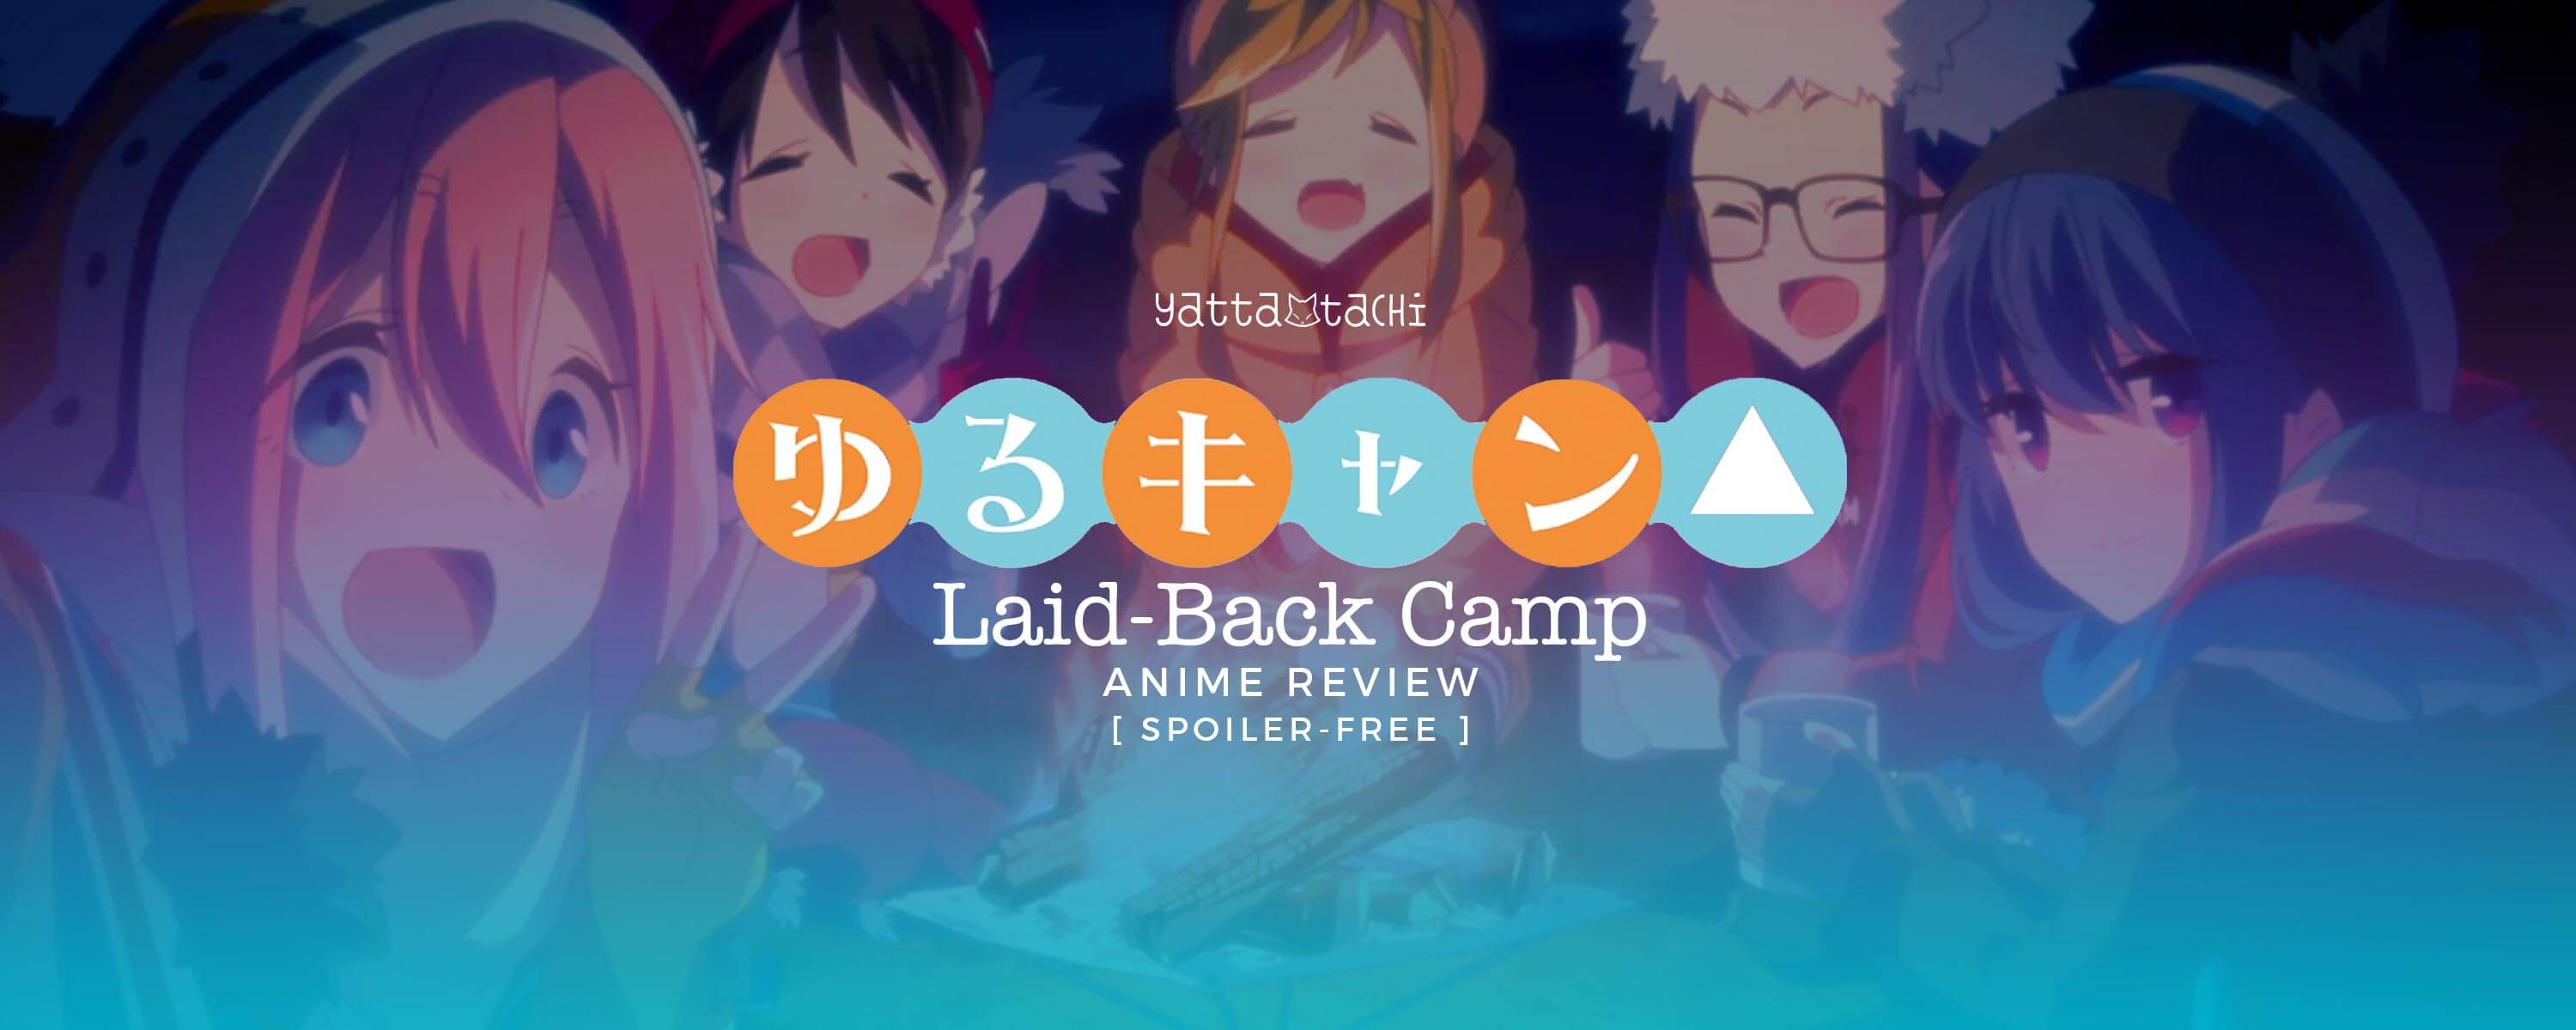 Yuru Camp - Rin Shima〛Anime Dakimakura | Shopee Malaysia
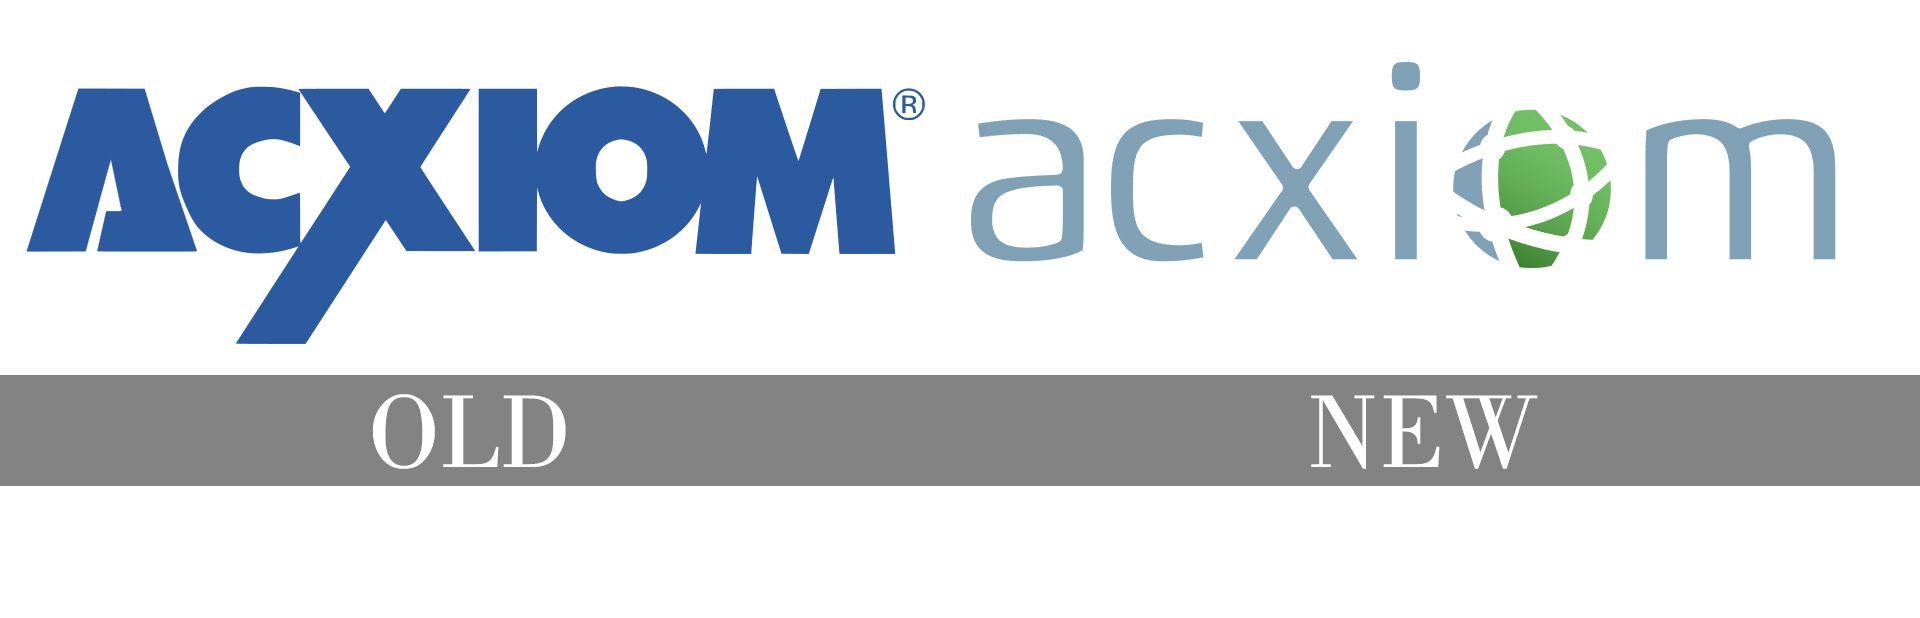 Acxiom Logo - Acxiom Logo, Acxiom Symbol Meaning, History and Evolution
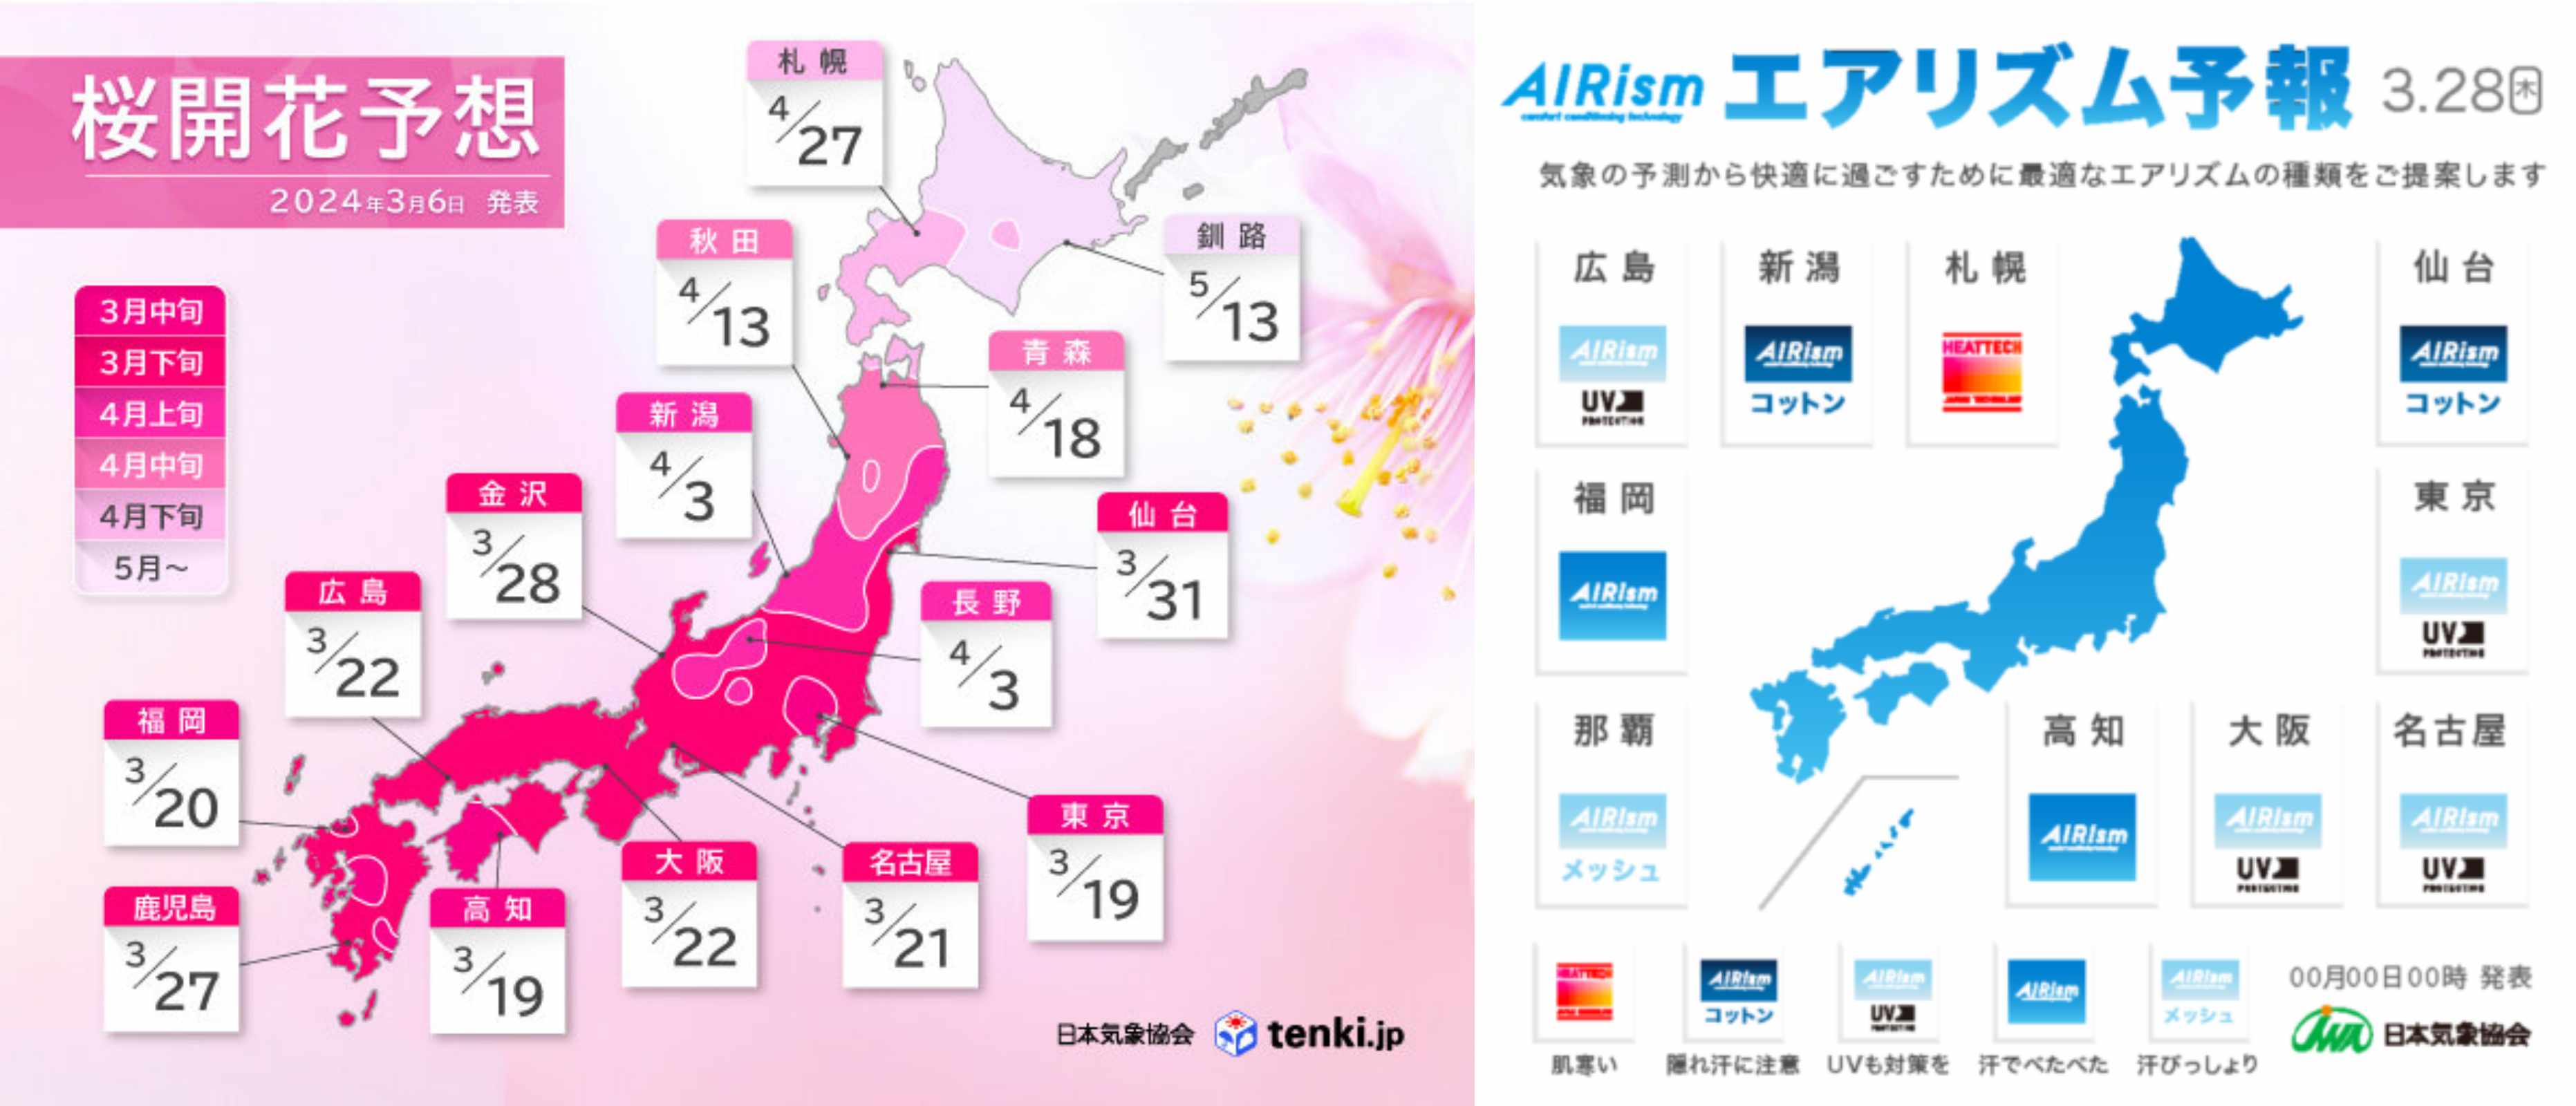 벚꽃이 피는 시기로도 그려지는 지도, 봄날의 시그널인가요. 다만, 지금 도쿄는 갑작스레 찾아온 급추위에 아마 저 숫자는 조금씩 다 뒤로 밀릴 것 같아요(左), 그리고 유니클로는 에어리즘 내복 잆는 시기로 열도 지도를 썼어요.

◆ **WHAT IS BEING ASKED**
Leave every image out, and retype the material exactly.

◆ **RESULT OF THIS TASK**
 Yuru Camp - Rin Shima〛Anime Dakimakura | Shopee Malaysia
 Acxiom Logo - Acxiom Logo, Acxiom Symbol Meaning, History and Evolution
 벚꽃이 피는 시기로도 그려지는 지도, 봄날의 시그널인가요. 다만, 지금 도쿄는 갑작스레 찾아온 급추위에 아마 저 숫자는 조금씩 다 뒤로 밀릴 것 같아요(左), 그리고 유니클로는 에어리즘 내복 잆는 시기로 열도 지도를 썼어요.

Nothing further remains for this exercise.